Over the past few months, conservatives have manufactured a new bogeyman that looms over public education: Critical Race Theory (CRT). According to their narrative, CRT rewrites the history of the United States and ingrains the idea into our children’s minds that white people are inherently racist, and therefore, white children should be ashamed of who they are.

As a result, Republican state governments have moved to ban any teaching or discussions that use CRT. Idaho, Iowa, Oklahoma, New Hampshire, Tennessee, and Texas have all passed laws banning CRT from being taught in schools. Other state school boards in Florida, Georgia, and Utah have introduced new guidelines barring CRT from curricula. Presently, a total of 22 states, including Maine, have seen legislation brought forth to discourage or ban CRT-related education in schools.
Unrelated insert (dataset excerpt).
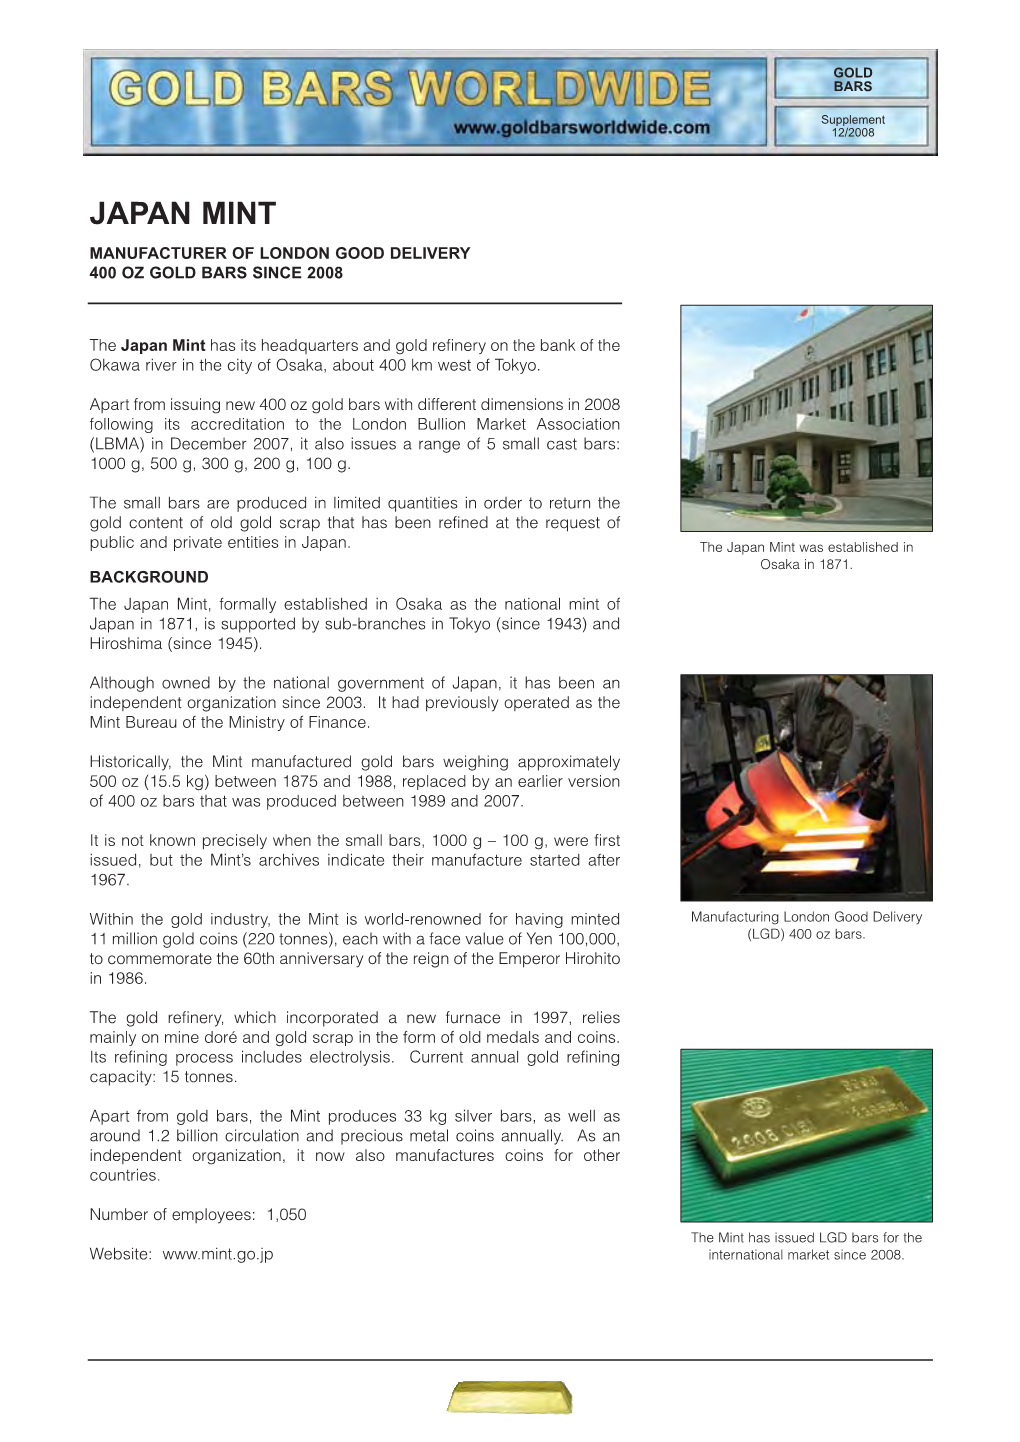 Japan Mint Manufacturer of London Good Delivery 400 Oz Gold Bars Since 2008

Anti-Critical Race Theory legislation map. Colors show varying degree of legislative bans. Image credit Education Week.

As the Maine Beacon reported, “In Maine, a bill was introduced that would prohibit public school teachers from ‘engaging in political, ideological or religious advocacy in the classroom,’ including ‘segregating students according to race or singling out one racial group of students as responsible for the suffering or inequities experienced by another racial group of students.’ That legislation, put forward by state Rep. Micky Carmichael (R-Greenbush), drew strong opposition during a May 5 public hearing and was issued a divided report out of the Education Committee.”

This is a conscious smear campaign. CRT is nothing like the picture painted by Republicans. 

So what is Critical Race Theory? CRT is a legal-academic movement, grounded in Critical Theory, that emerged in the mid-1970s. CRT scholars argue that racial-social problems are primarily influenced by complex social and institutional forces. While theorists don’t necessarily share the same beliefs, the basic tenants of CRT tend to focus on institutions rather than individuals, subtle and complex examples of racism instead of explicit ones, and the concept of intersectionality: a framework used to understand how different political and social identities contribute to expressions and manners of discrimination and privilege. In short, it examines how institutions and complex social ideas contribute to discrimination against non-white people. It does not focus on individual white people. 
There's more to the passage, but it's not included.